The 16-year-old plays the viola in Plano West High School’s orchestra and is a member of the school’s color guard, winter guard, National Honor Society chapter, and speech and debate teams. Skratch, a mobile app on her iPhone, has helped her find paid temporary jobs in her North Dallas neighborhood when she does have time, she said.
“There are some days of the week when I happen to be free, and with pure luck there will be gigs available on those days,” Alfaro said. “I will accept them, and it’s a good way to make money.”
The free app helps North Texas teens and young adults ages 14 to 20 find temp gigs in their neighborhoods. The jobs, which include things like dog walking, yard work and tutoring small children, pay $12 to $15 an hour and must take less than three hours to complete.
Alfaro said she has accepted Skratch jobs organizing her neighbor’s garage and babysitting another neighbor’s kids.
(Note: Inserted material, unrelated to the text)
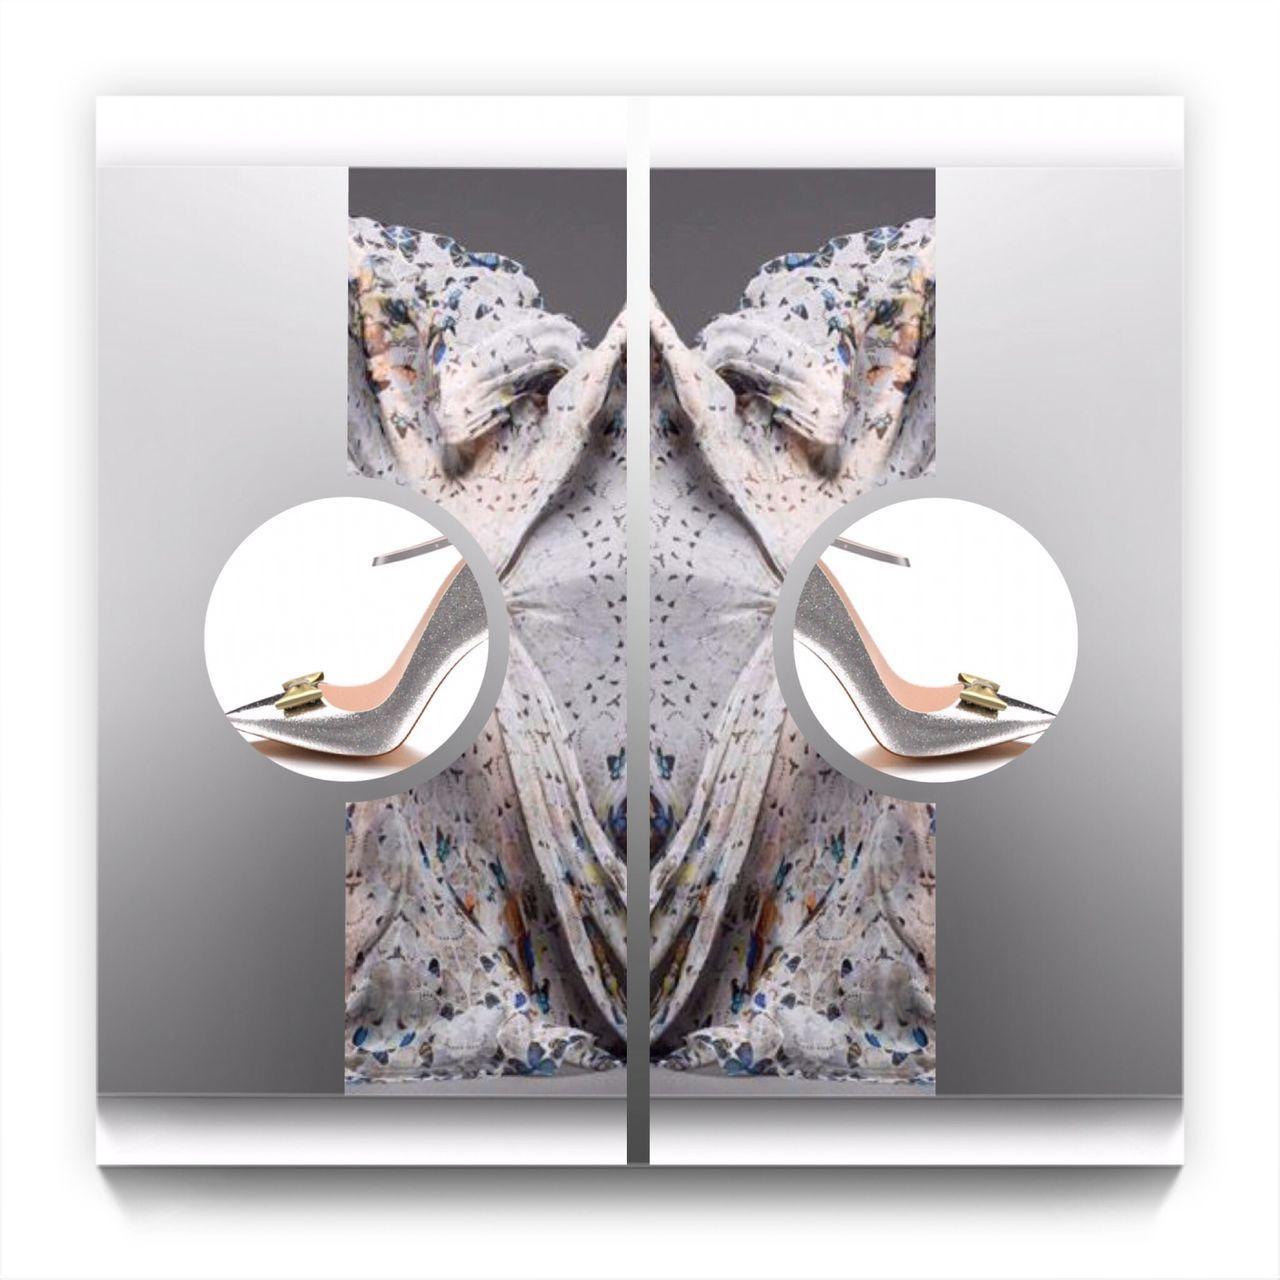 Fashion Photography Fashion Design Fashion Shoe Shoes Day Luxury Designer  Design Shiny White Background

“I’ve had a lot of them request me again and text me outside the app asking me when I was available because they were planning to post to the app and wanted me to accept the gig,” she said.
Scott Bennett, Skratch co-founder and CEO, said he came up with the idea for the app after his friend and co-founder, Ronen Akiva, told him his teenage son couldn’t find a job that would work with his overloaded academic calendar.
The two found other parents with similar stories and decided to come up with a way to provide work experience to teens with packed schedules.
“We beat up millennials about not having experience,” he said. “But before beating the younger generation up, why not give them a chance?”
Teens under 17 must have a parent authorize their account on the app before they can book jobs, Bennett said. Parents are sent mobile notifications every time their child accepts work.
Users who are 17 years old or older are also screened against the Texas Public Sex Offender Registry, he said.
“Safety is our single priority as a business,” Bennett said. “For every interaction that the teen has, Mom and Dad know where they are going.”